**Material provided:**
━━━━━━

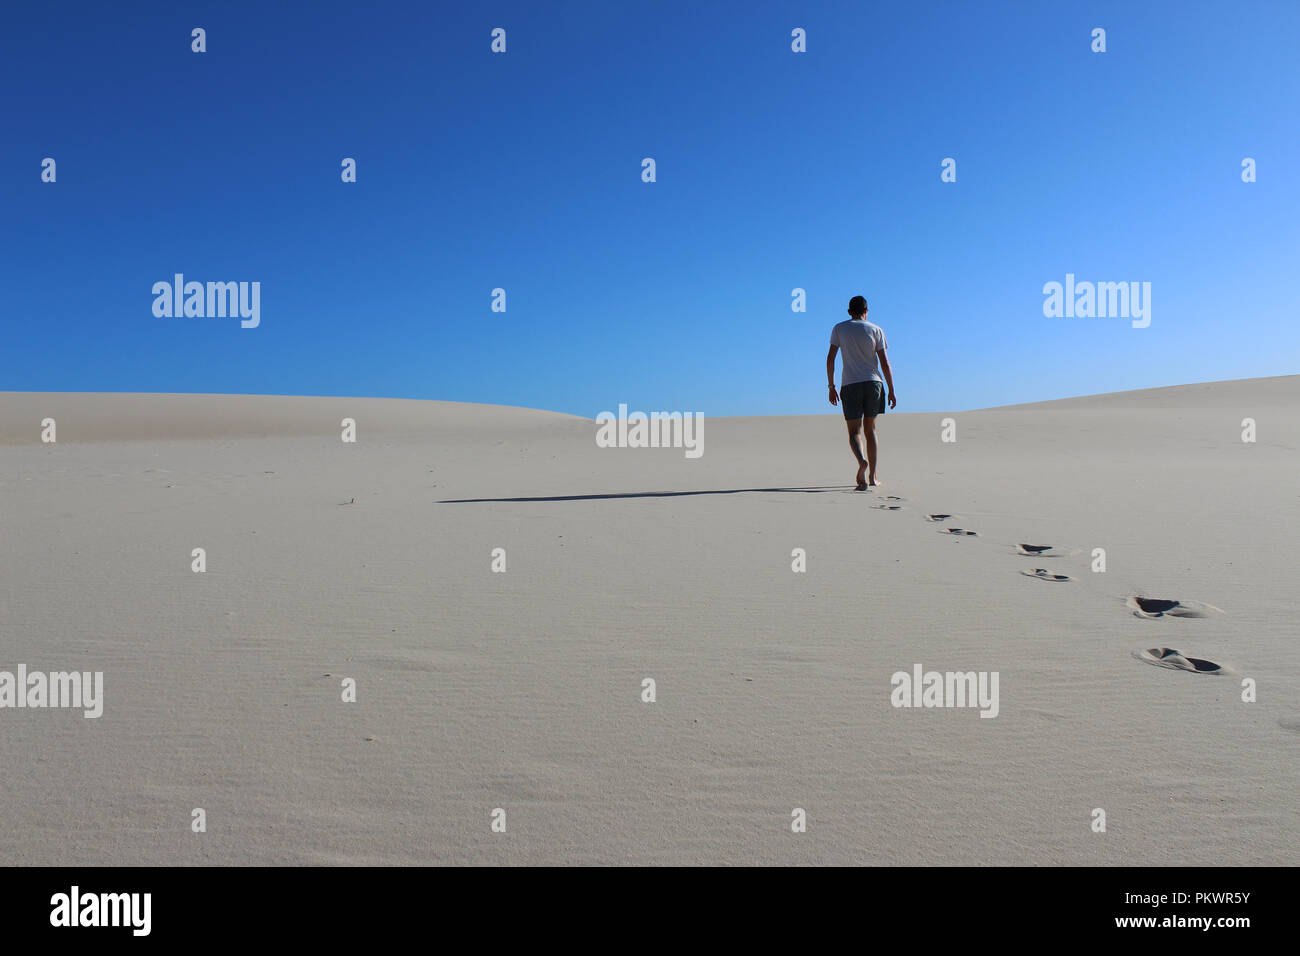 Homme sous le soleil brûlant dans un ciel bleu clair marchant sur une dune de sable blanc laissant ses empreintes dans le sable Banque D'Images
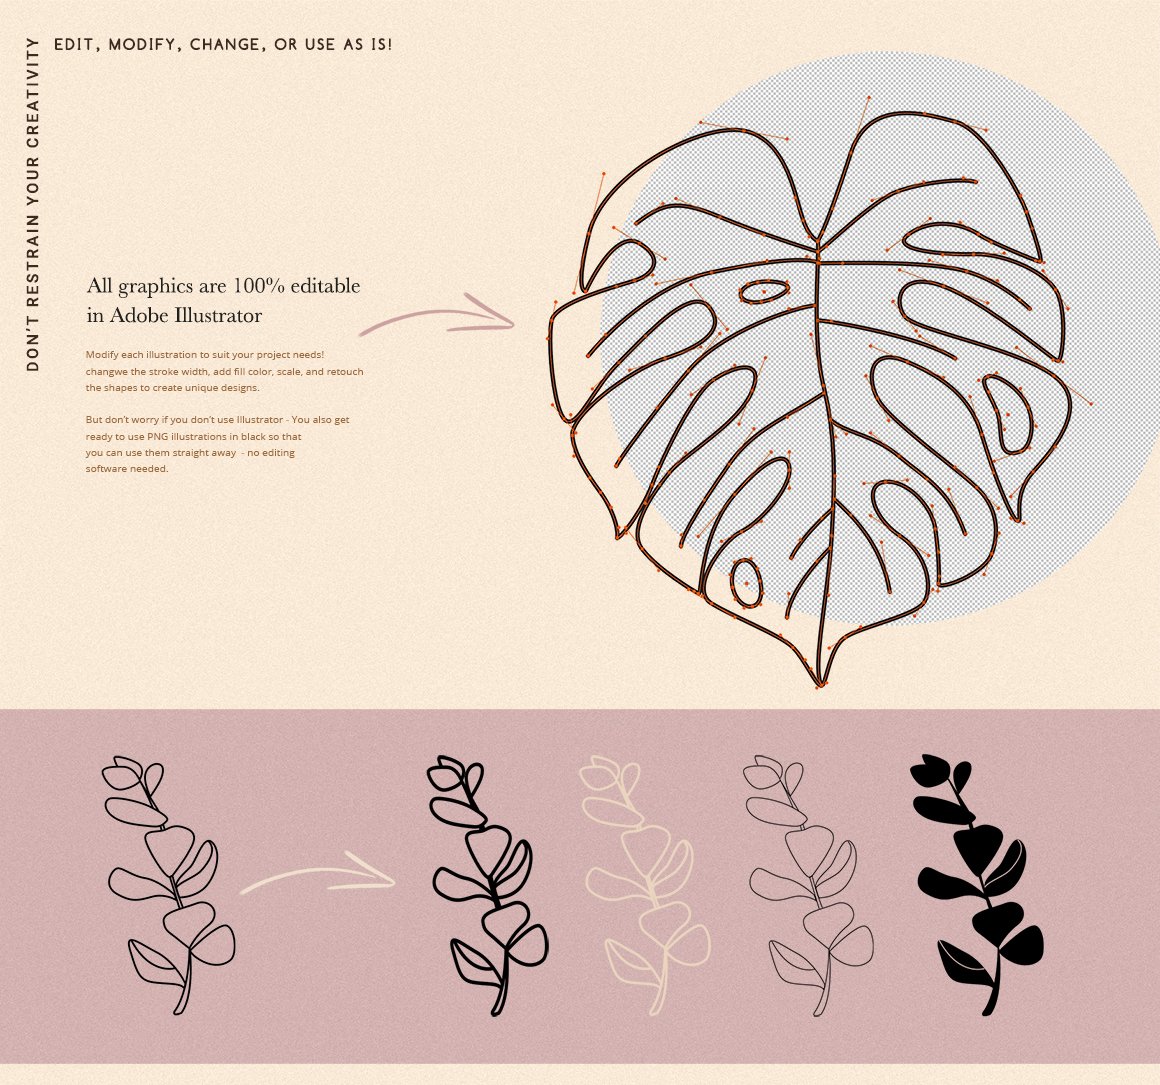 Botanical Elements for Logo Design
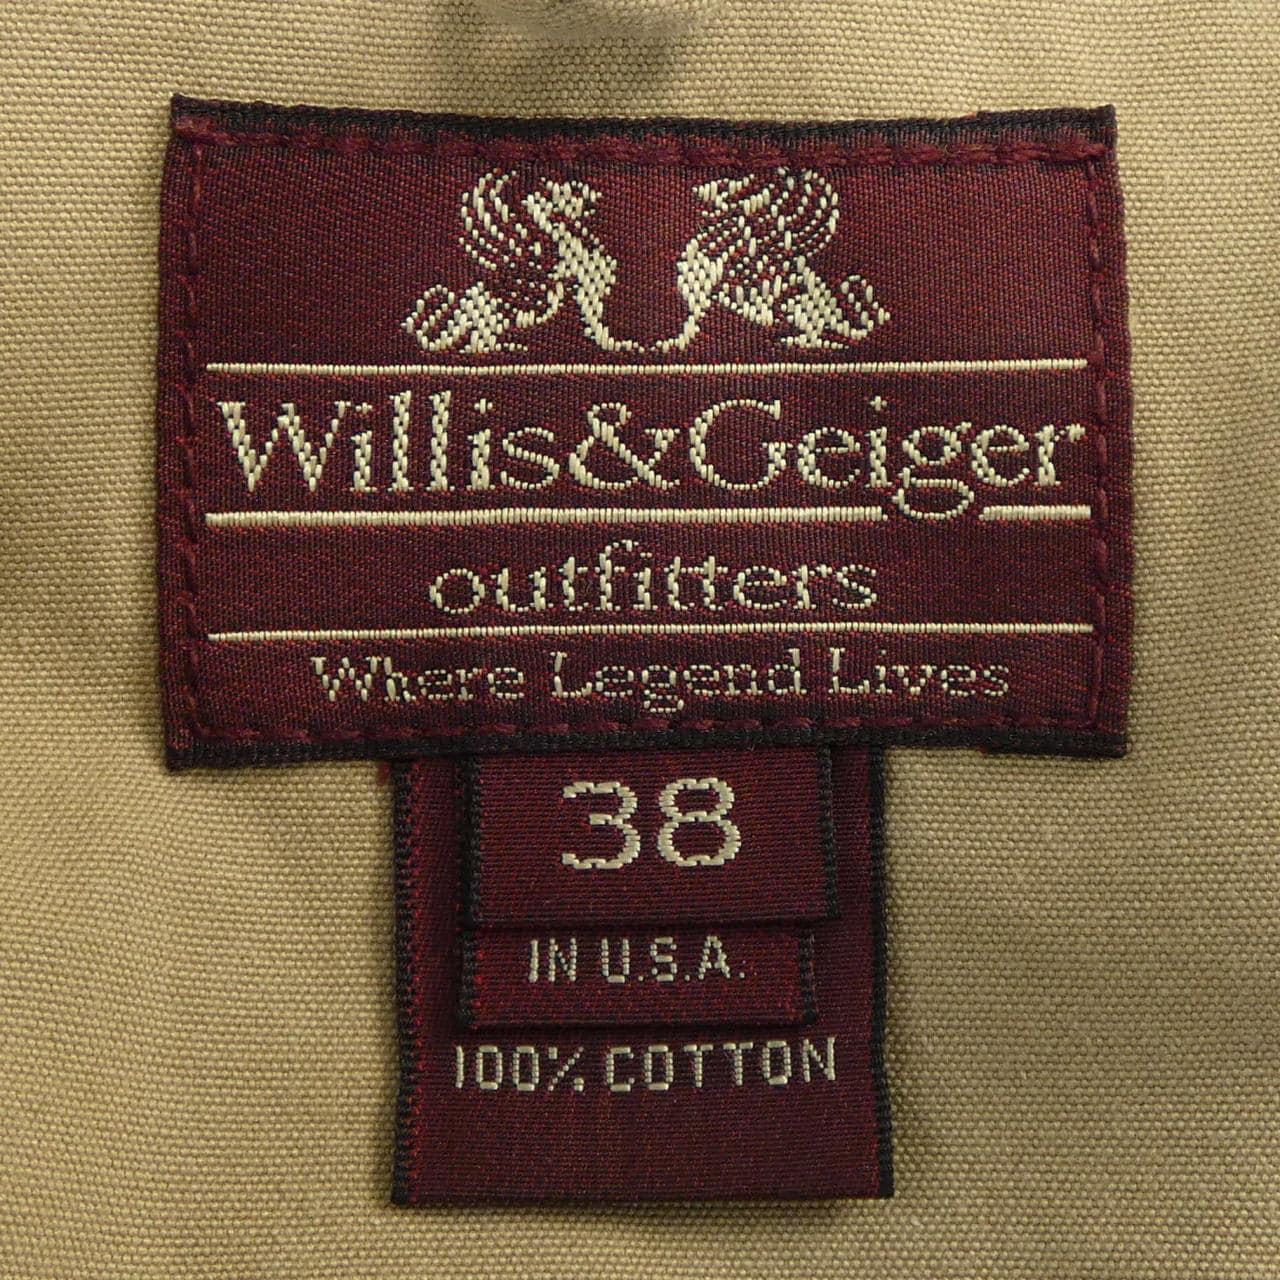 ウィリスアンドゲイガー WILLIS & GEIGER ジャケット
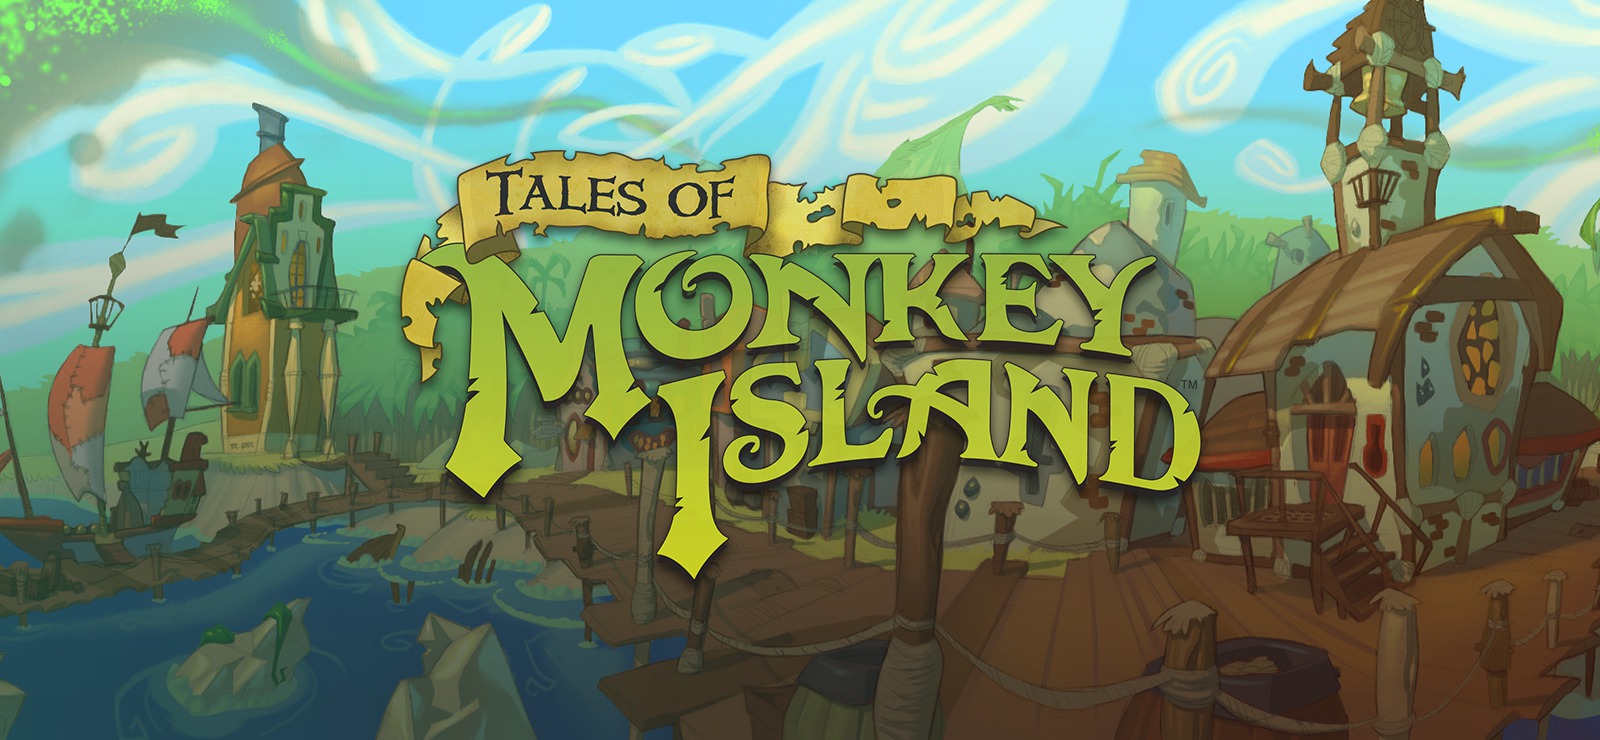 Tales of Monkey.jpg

━━━━━━

**Directions:** Copy out, with no pictures, the lines from the one containing "Botanical Elements for Logo Design" through the last line of the data above, both ends included and each word unchanged.

**Result for this task:**
 Botanical Elements for Logo Design
 ウィリスアンドゲイガー WILLIS & GEIGER ジャケット
 Tales of Monkey.jpg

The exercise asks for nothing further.